But perhaps his most significant appointment - along with Raab as his deputy - is that of Dominic Cummings as his "senior adviser". As you say it means that he is in permanent campaign mode and that policies and EU negotiations don't matter. Expect to see an outraged De Pfeffle go to the country when the EU refuses to lie down and die, and Parliament fails to support his latest wheeze.

That is when the UK will face the greatest test of its somewhat crude democracy.

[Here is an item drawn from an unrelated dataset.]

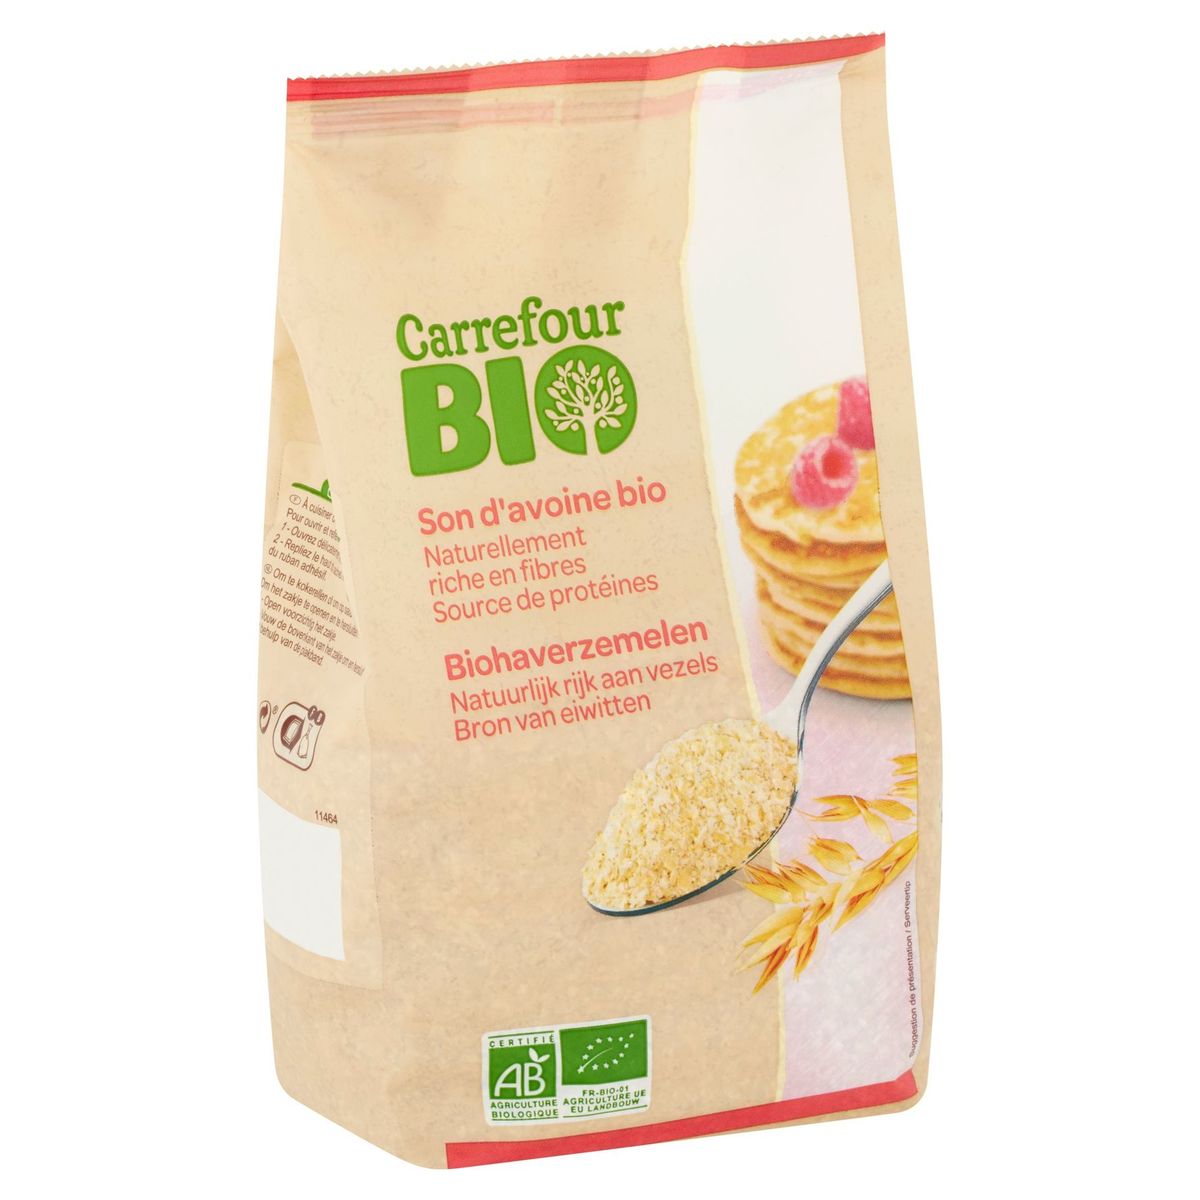 Carrefour Bio Son d'Avoine Bio 500 g

De Pfeffle will try to crush the Brexit Party but can Labour and the Lib Dems agree an electoral pact where the party in third place in the 2017 election withdraws its candidate in a particular constituency in favour of the party in second place?

An electoral pact doesn't imply complete policy alignment or an attempt at coalition building, but simply an attempt to get over the vagaries of a FPTP system where a party with 25% of the vote can win the seat if the other main parties in a multi-party system share the vote evenly enough to ensure no one reaches 25%.

At the moment based on current opinion polls and discounting the current Tory and Lib Dem new leader bounces, it would not be unreasonable to surmise that the party vote shares in the Next General elections would be something like: Tories, 25%, Labour 25%, Lib Dems 20%, Brexit 15%, Greens 8% and others 7%.

Crazy as it may seem, that could be sufficient for a Labour party overall majority if Labour and Lib Dems didn't run candidates against each other in winnable constituencies and agreed to campaign locally on behalf of the candidate whose party was in second place last time around. The Liberals would also stand a reasonable chance of becoming the largest opposition party. Both would therefore have a powerful incentive to form a pact in order to defeat a no-deal Brexit.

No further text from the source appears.